В ответ она состроила мне гримасу.

На пару минут я забыл о Добсоне, но вид того самого дивана все испортил. По моему взгляду Шарлотте все стало ясно; она резко захлопнула дверь.

– Не здесь, – сказала она будничным тоном. – Это случилось в Стивенсоне. Да, обычно я принимаю окси здесь, вместе с транквилизаторами, но не в тот раз. Да, это сильно меня расстроило; да, я тоже расстраиваюсь. Нет, в подробности вдаваться не хочу. Не хочу, чтоб ты все это знал. Я его не убивала и не нанимала никого, чтобы его убить. И вообще к его смерти отношения не имею. Как ты уже знаешь, я могу за себя постоять. Так что перестань меня жалеть.

– Я не жалею тебя, – сказал я изумленно. Она отвернулась к стене, но я все равно видел, как она закрыла глаза и принялась тихонько считать до десяти.

– Ну да, – сказала она не оборачиваясь. – Ты просто решил переживать все те чувства, какие я не могу или не хочу испытывать. С ума сойти. Мы дружим-то меньше одного дня. – Она замолчала. – Хотя, конечно, нас обоих сложно назвать вполне нормальными.

Прежде в моей нормальности никто не усомнился бы. В ее – другое дело.

После долгого молчания я опустился на этот мерзкий диван.

– Твой обед, – заметил я, подбирая сэндвичи, которые она уронила на пол. – Нормальные люди обедают, так что эти пять минут побудем нормальными. Ну а после можешь рассказать, кто пытается нас подставить.

Холмс плюхнулась рядом.

– Пока не знаю, – сказала она. – Мало данных.

– Сейчас мы – нормальные, – напомнил я. – Хотя бы попытайся.

Я с жадностью проглотил свой сэндвич, весьма скромный – белый хлеб, пастрома, листья салата. Ни соуса, ни специй. Только богатая девица с личным поваром и аппетитом колибри могла сделать такой сэндвич, так что удивляться было нечему. Холмс же откусила максимум пару раз, уставившись куда-то вдаль.

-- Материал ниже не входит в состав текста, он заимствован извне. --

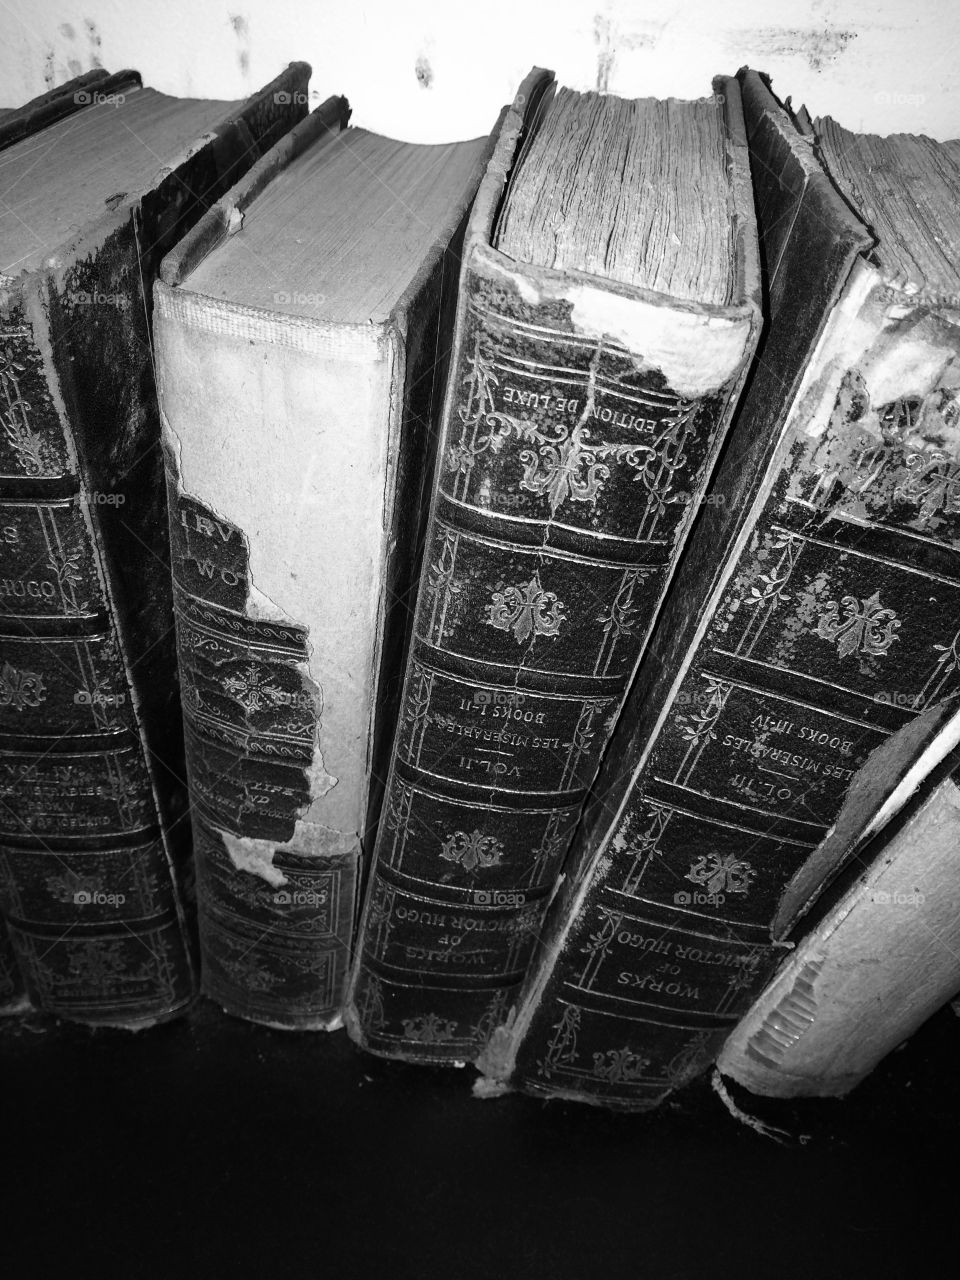 Antique books. Antique books in black and white

– О чем говорят нормальные люди? – спросила она.

– Футбол? – рискнул я. Шарлотта закатила глаза. – Ладно. Видела это новое кино про копов?

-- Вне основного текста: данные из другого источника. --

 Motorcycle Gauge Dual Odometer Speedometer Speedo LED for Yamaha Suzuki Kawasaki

– Художественные фильмы – потеря времени, – заявила она, вытащив лист салата из своего сэндвича и отщипнув кусочек. Улитка. Улитки так едят. – Меня больше интересуют реальные события.

– Например?

– В Глазго на прошлой неделе произошла очень любопытная серия убийств. Три девушки, каждая задушена собственными волосами. – Холмс улыбнулась своим мыслям. – Умно. Сказать по правде, я вообще не выходила из лаборатории с этим делом, так увлеклась. Подкинула несколько идей своей знакомой в Скотленд-Ярде, так она хотела, чтобы я прилетела помочь в расследовании. Ну а потом случилось это.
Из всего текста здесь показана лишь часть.